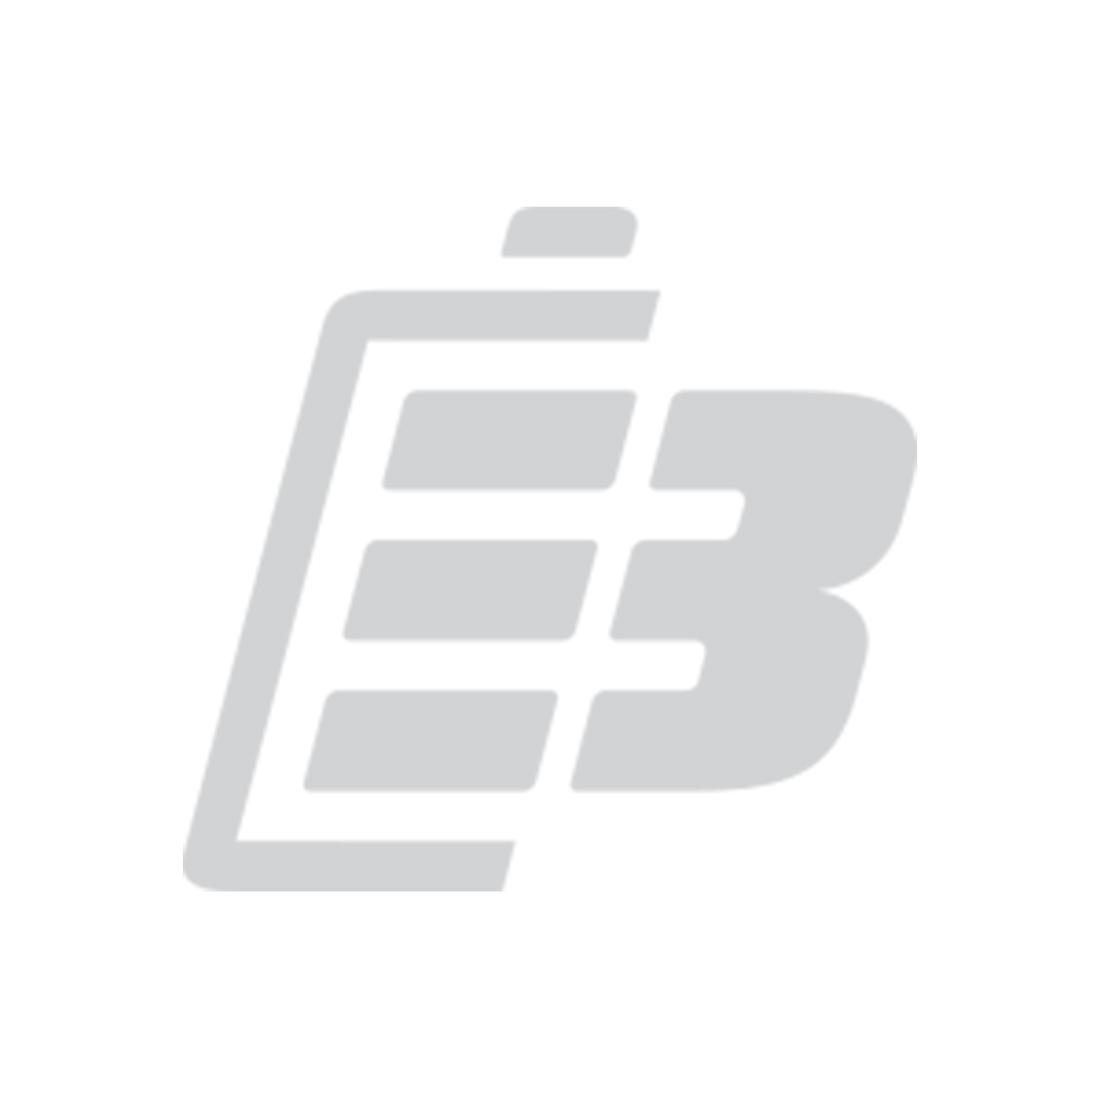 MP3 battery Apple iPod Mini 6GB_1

=======

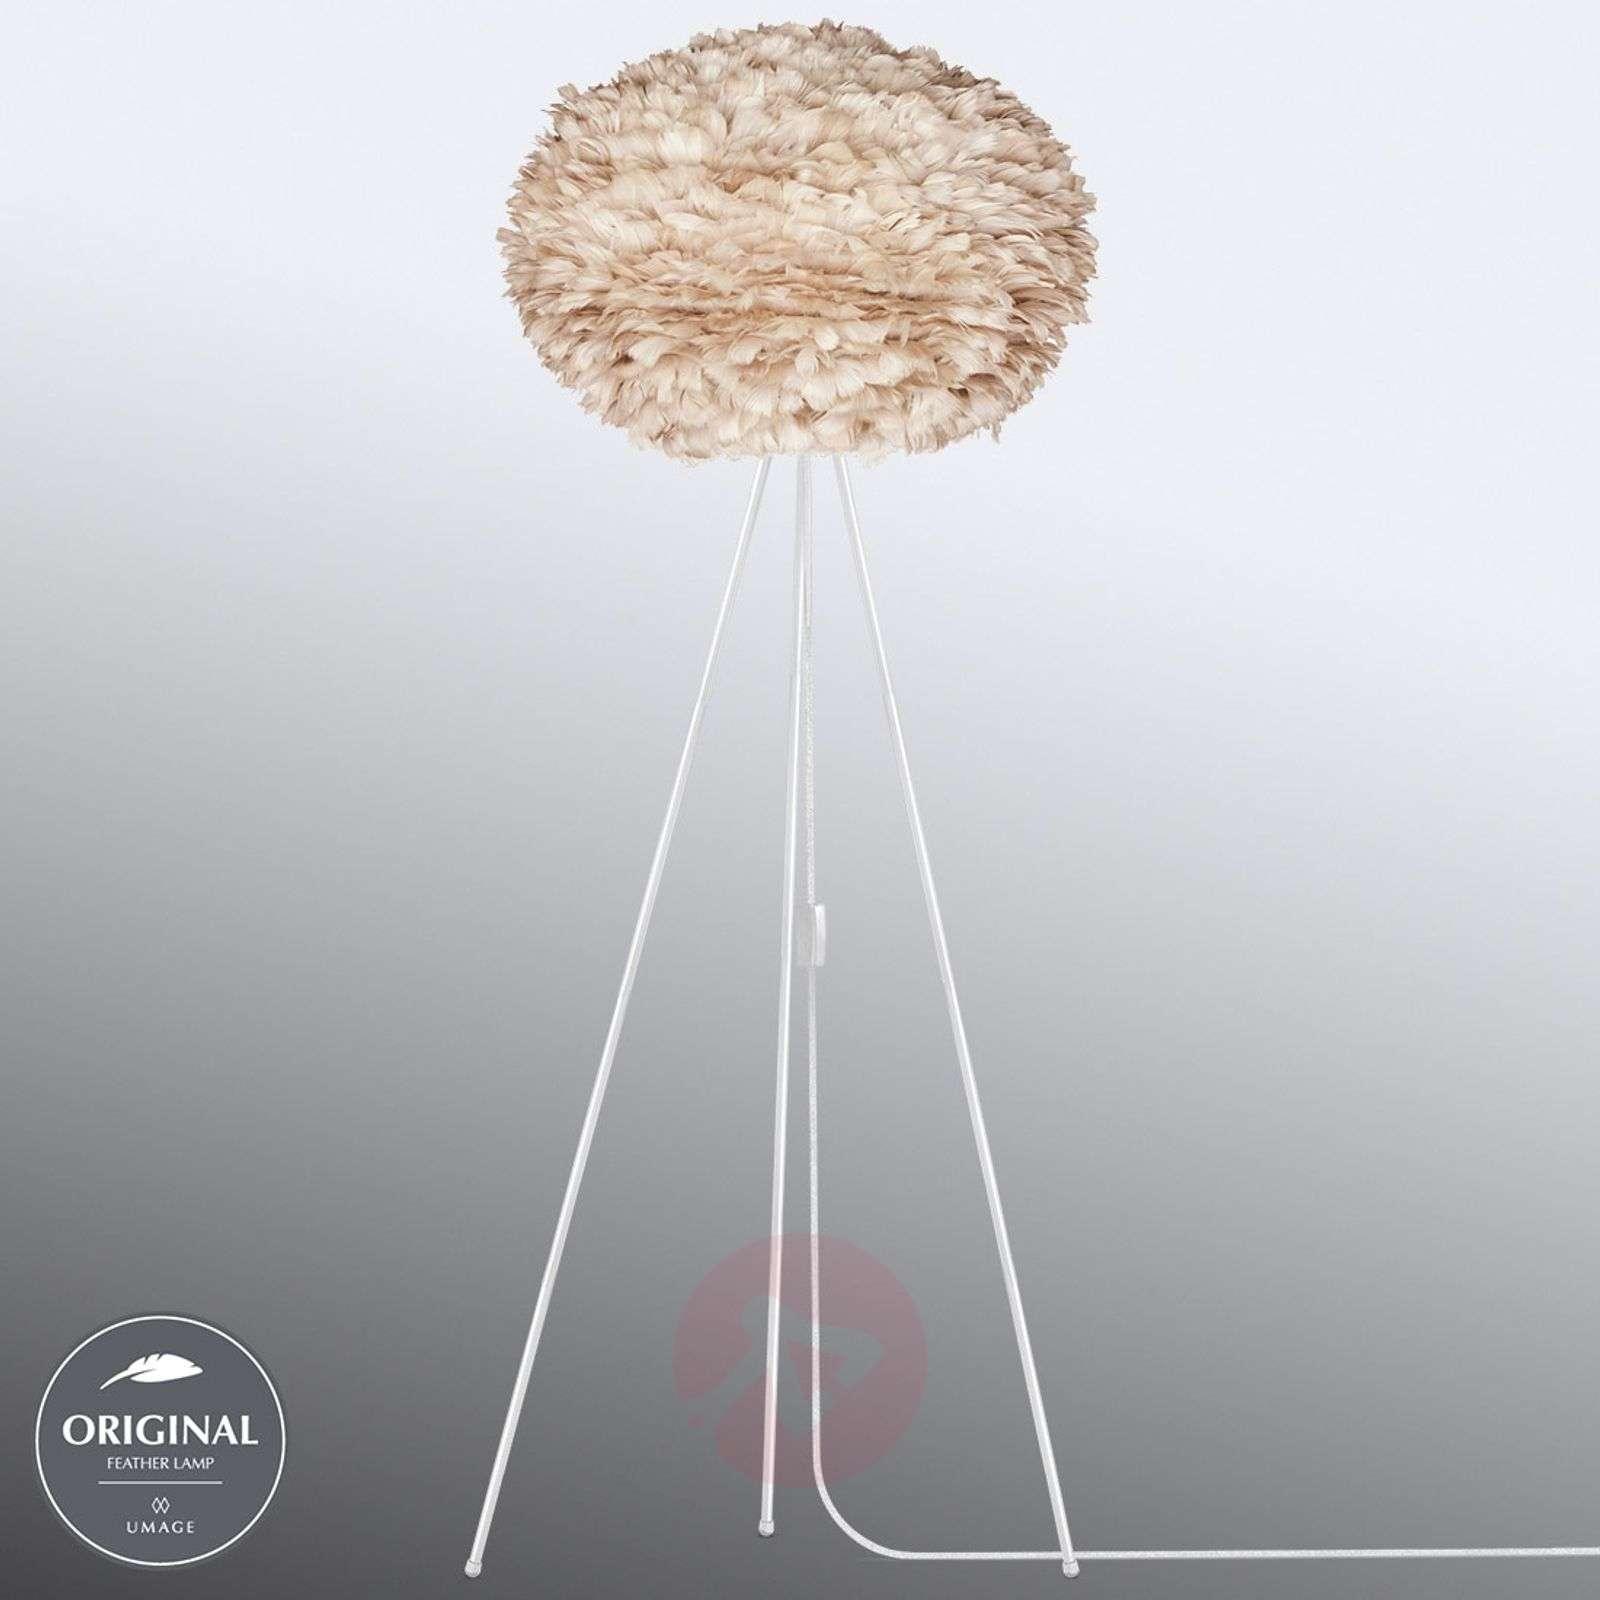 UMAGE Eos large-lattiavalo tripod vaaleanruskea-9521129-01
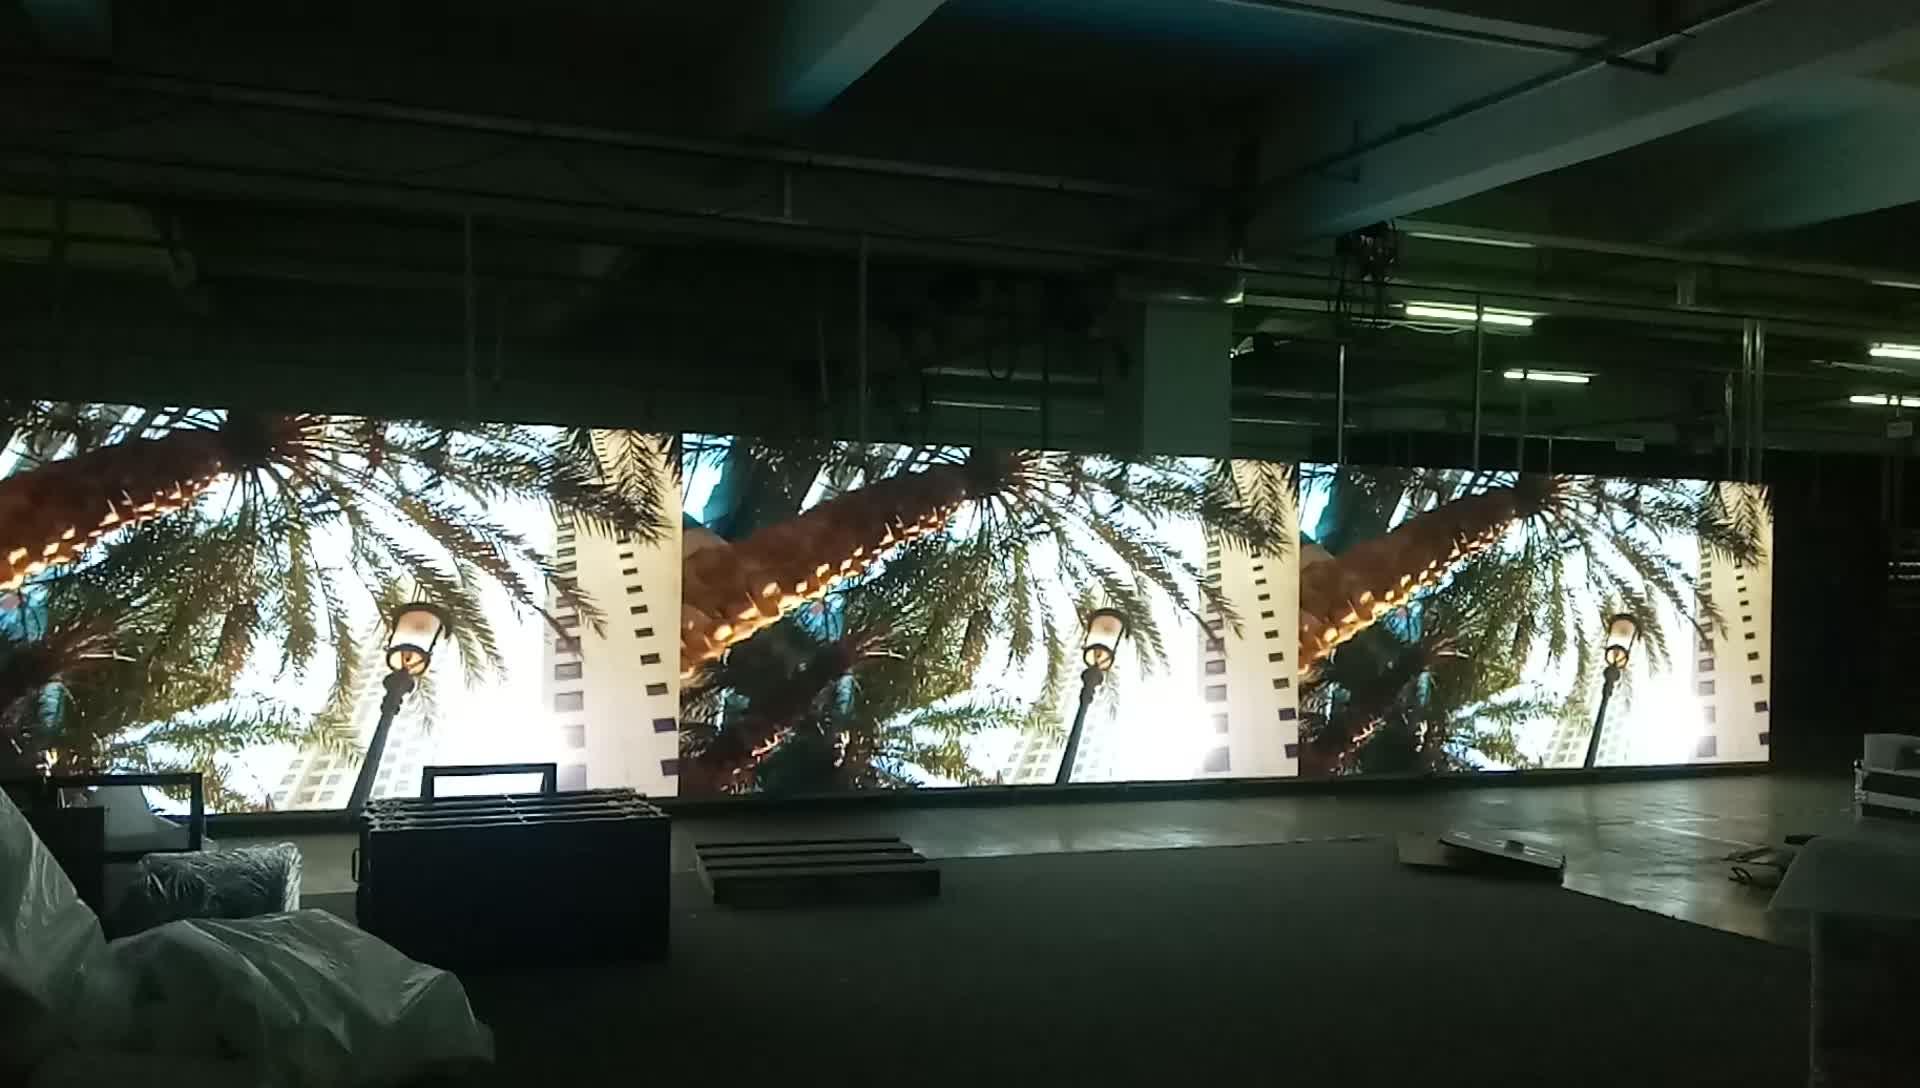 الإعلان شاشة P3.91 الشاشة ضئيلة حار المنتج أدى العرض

=======

* **WHAT IS EXPECTED**
Using the data above, retype exactly the lines from the line with "UMAGE Eos large-lattiavalo" to the line with "الإعلان شاشة P3.91", inclusive. No pictures and nothing else.

* **SOLUTION TO THIS EXERCISE**
 UMAGE Eos large-lattiavalo tripod vaaleanruskea-9521129-01
 الإعلان شاشة P3.91 الشاشة ضئيلة حار المنتج أدى العرض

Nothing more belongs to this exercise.